Even though it’s 2023, that narrative is still playing out and working its magic in some industries like finance. So, you see a lot of finance professionals who shy away from using tech in their roles because it’s the ‘unknown.’ It doesn’t help that 47% of employees in financial services believe technology is putting their job at risk. And when you consider the sheer amount of work on a finance or credit manager’s plate, the idea of having to use technology can sometimes feel like a burden – one that could get in the way of the work they need to do.

Rather than ponder on this subject myself, I thought it’d be far more valuable if I asked finance automation and credit risk experts from Quadient, upSWOT and Creditsafe.

Chapter 1

What’s driving finance’s fear of technology and hesitation to automate processes?

While I can certainly understand where these fears are coming from, our ‘Feeling the Recession Pinch’ study reveals that 37% of business leaders are realizing tech and automation lags within their finance function could throw their businesses into financial ruin and make it tough to keep cash flowing in the face of a recession this year.
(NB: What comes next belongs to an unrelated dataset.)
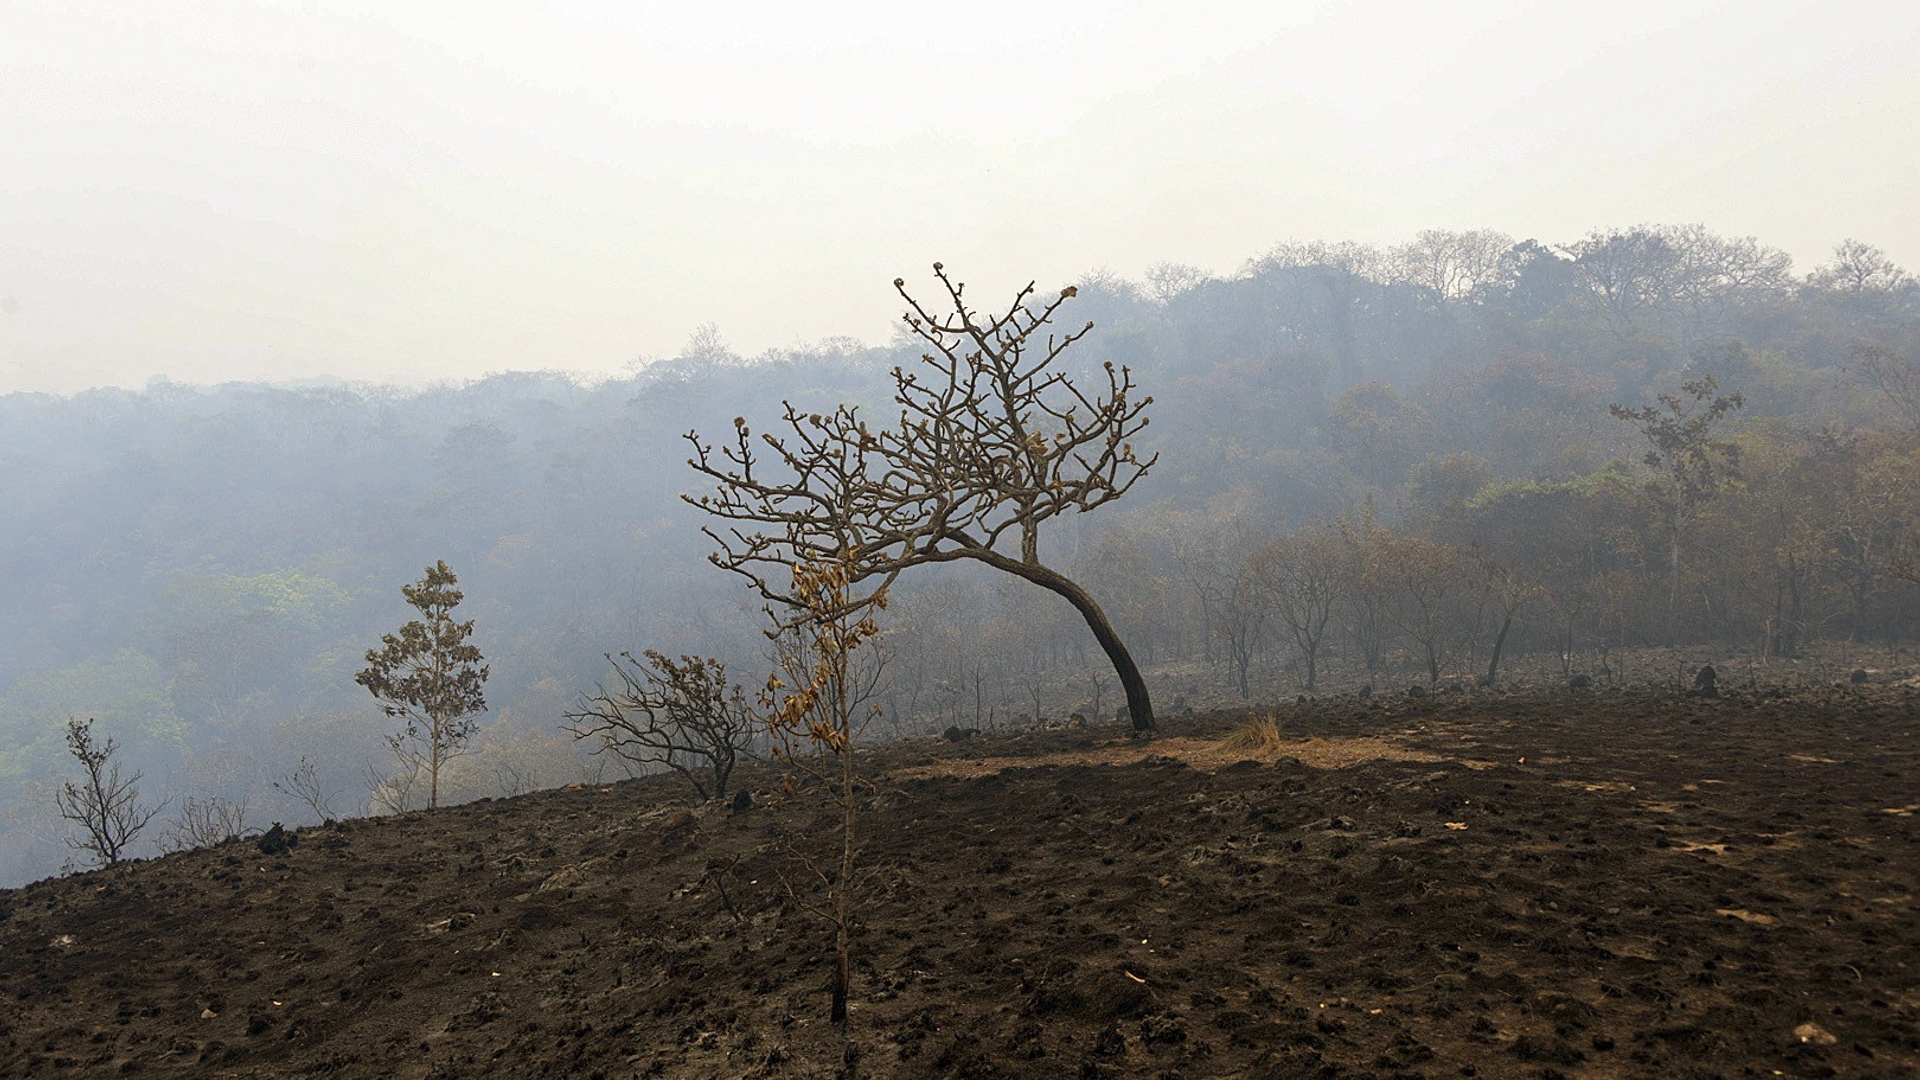 Forest fires do not diminish in the Brazilian Pantanal

In particular, using manual, outdated processes and tools (21%) was cited as the biggest cash flow management mistake, followed by failing to automate the accounts payable and accounts receivable processes (16%).

Adam Dolby, SVP Partnerships and Alliances at upSWOT, thinks a fear of technology is what’s made the finance profession so slow to automate processes.

“If you look at the jobs across financial services, there are certainly some jobs that are at risk due to technology and automation. But you have to remember, financial services is a relationship-driven industry at its core and relies heavily on trust. So, it’s not so far-fetched that finance professionals worry about tech ‘taking over’ and replacing them.

And while those fears may not hurt business growth when the economy is calm, it’s a completely different situation when you find yourself in a recession. With rising inflation, a cost-of-living crisis, increasing energy prices, rising materials costs, supply chain disruptions and an ongoing labor shortage following the pandemic’s ‘Great Resignation,’ businesses can’t afford to let those fears take over. It’s in uncertain times like we’re in today that business leaders will be faced with tough decisions. Nothing will be black and white – there will be nuances to every challenge faced and decision made.”

Economic recession

Now, there’s another perspective to consider. According to Ed Willis, Director of Channel Sales at Quadient, there are common myths driving the tech and automation lags in finance.  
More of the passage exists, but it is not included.